Annie Bloch independently released her second album Floors late last year. It’s an album that was shaped by a cacophony of influences. Bloch is based in Cologne, Germany, but was “born in Lower-Saxony, Germany, and reborn in Ireland.” The album features session musicians from both countries and was recorded after only a week of rehearsal. The short rehearsal period resulted in intimately raw performances while also highlighting the musicianship of Bloch and the players she utilized for the album. Moreover, spending time in “alternative venues, jazz bars, [and] classical concert rooms” has left its mark on Floors, resulting in a miscellany of chamber and jazz-tinged indie-rock tunes.

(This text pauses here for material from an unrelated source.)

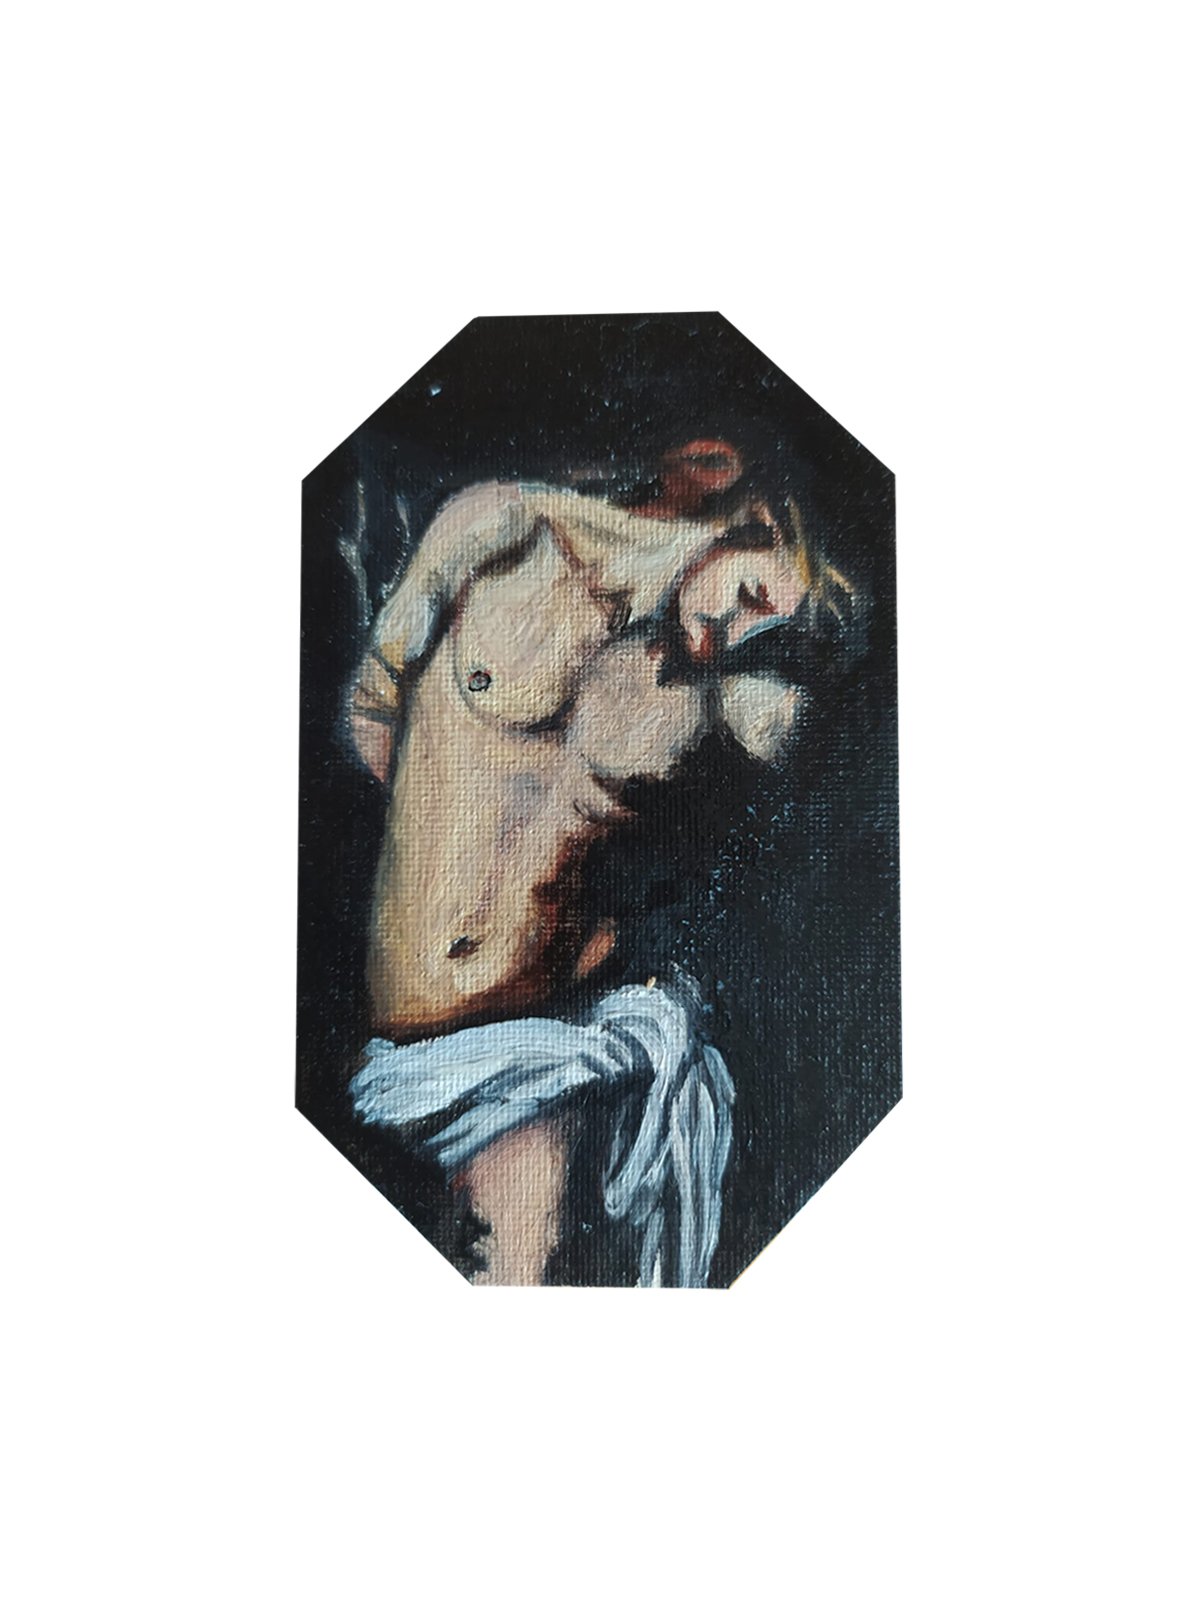 La flagellazione di Caravaggio

The opening track “Too Drunk to Talk” establishes the world in which this album resides. The din of chatter opens the record, and Bloch goes on to sing about relationship struggles in a straightforward, relatable way. Overall, her lyrics on Floors paint vivid pictures that the listener can get lost in.
Many of the songs on Floors feature chorus and reverb-soaked guitars. It creates a vast sound, mirroring the world Bloch has created through the lyrics. The tune “Cold Feet” has a guitar riff that will surely get stuck in your head. “Pouring” is another one that is anchored by its guitar work. The song has a twitchy drumbeat, and the guitar mirrors this discomfort, especially in the outro solo. The song breaks down into an avant-garde jam as if the drums and guitar are fighting against each other. It’s a wonderfully crazed moment.
Juxtaposed to the high energy of songs like “Pouring” are more quiet and contemplative tracks that feature strings and brass. “Offshore” is a beautiful track with a haunting string section. This, along with the glitchy guitar and metallic sounding percussion, gives the track a dystopian feeling.
Floors is sonically and lyrically rich with each track contributing a new element to the albums overall sound. The inclusion of chamber and jazz elements will attract listeners from all corners of the indie genre.